I moved to my upper left arm. “This one’s a butterfly whose wings wrap around and touch behind my arm. It’s half black and half white.”
“Psyche?” he asked.
“Good guess.” He really was cultured. The goddess Psyche was synonymous with the soul, which the butterfly represented in myth. “Persephone.”
He nodded. “Half black, half white. She lives half her life in this world and half in the Underworld.”
Not unlike my own life. Persephone guided transitions to the world of death. I didn’t travel there myself, but I invoked her to send others across.
“She governs the dark moon. And back here”—I tapped the spot behind me where my neck connected to my back—“is a moon with an abstract woman’s face in it. Selene, the full moon.”
Kiyo’s dark eyes held intense interest. “Why not one of the more common moon goddesses, then?

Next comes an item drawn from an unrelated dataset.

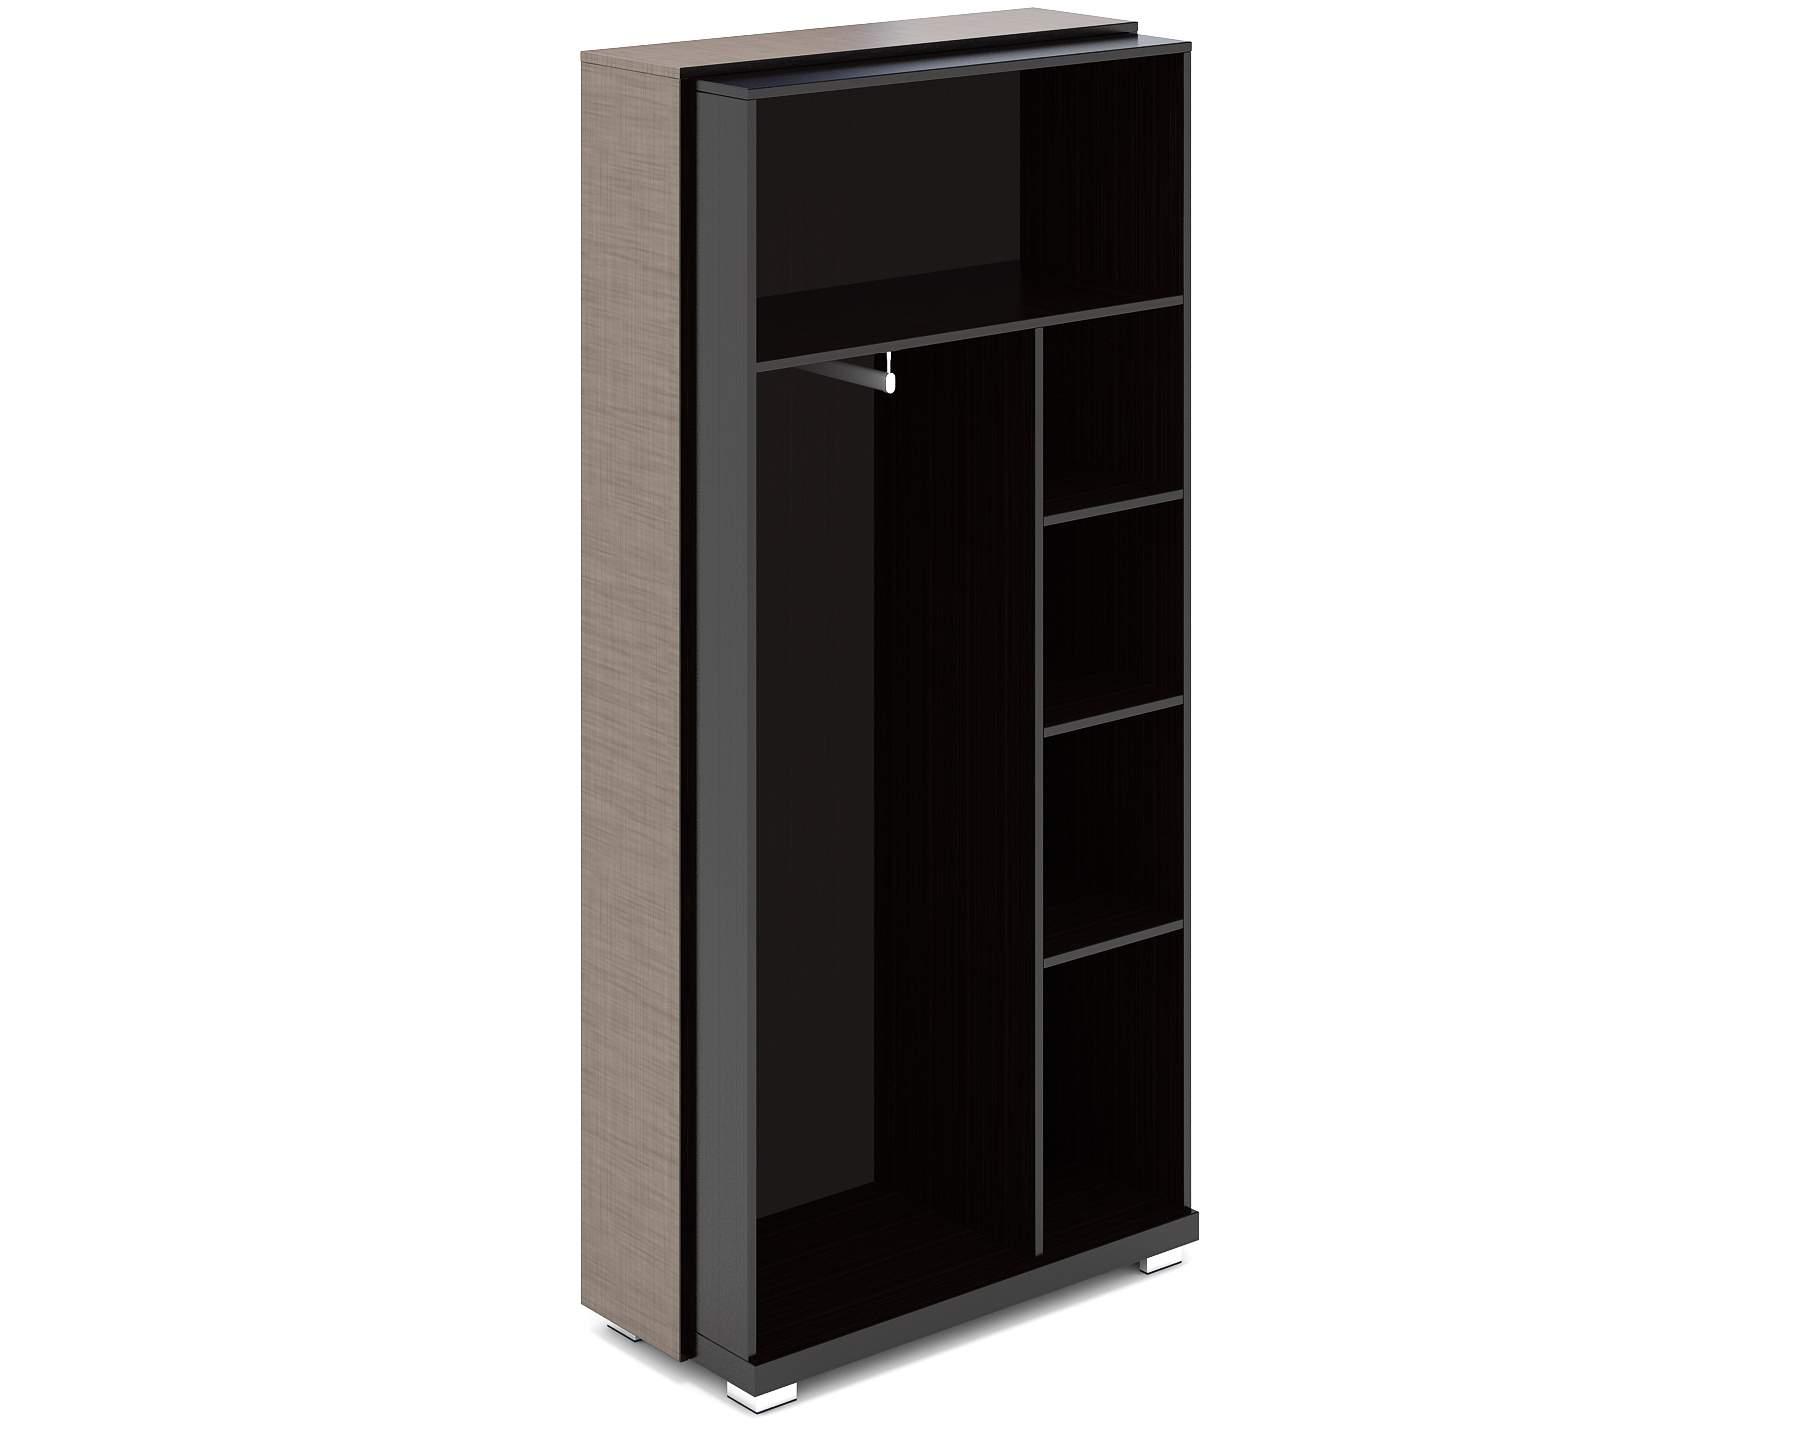 Каркас гардероба крайний 914х440х2049

Like Diana?”
I hesitated with my answer. In many ways, Diana would have served the same purpose. She, like Selene, was bound to the human world and could keep me grounded here when I needed it. “The others are…solitary goddesses. Even Persephone, who’s technically married. Diana’s a virgin—she’s alone too. But Selene…well, she doesn’t get a lot of press anymore, but she was a more social goddess. A sexual goddess. She opens herself up to other people. And experiences. So I went with her. I just didn’t think it’d be healthy to be marked with three goddesses who were all alone.”
“What about you? Are you alone, Eugenie?” His voice was velvet against me, and I could have drowned in those eyes. They were like chocolate. Chocolate is an aphrodisiac.
“Aren’t we all alone?” I asked with a rueful smile.
“Yes. I think in the end, we all are, no matter what the songs and happy stories say. I guess it’s just a matter of who we choose to be alone with.”
“That’s why I come here, you know. To be alone with other people. There’s isolation in a crowd. You’re hidden. Safe.”
He looked around at the buzzing, moving sea of people in the bar. They were like a wall surrounding us. There but not there. “Yes. Yes, I suppose that’s true.”
“Isn’t that why you’re here too?”
He glanced back down at me, his expression a little less sexual and a bit more pensive. “I don’t know. I’m not sure. I guess maybe I’m here because of you.”
I didn’t have any quick retorts for that, so I started playing with the bottle again. The bartender asked if I wanted another, and I shook my head.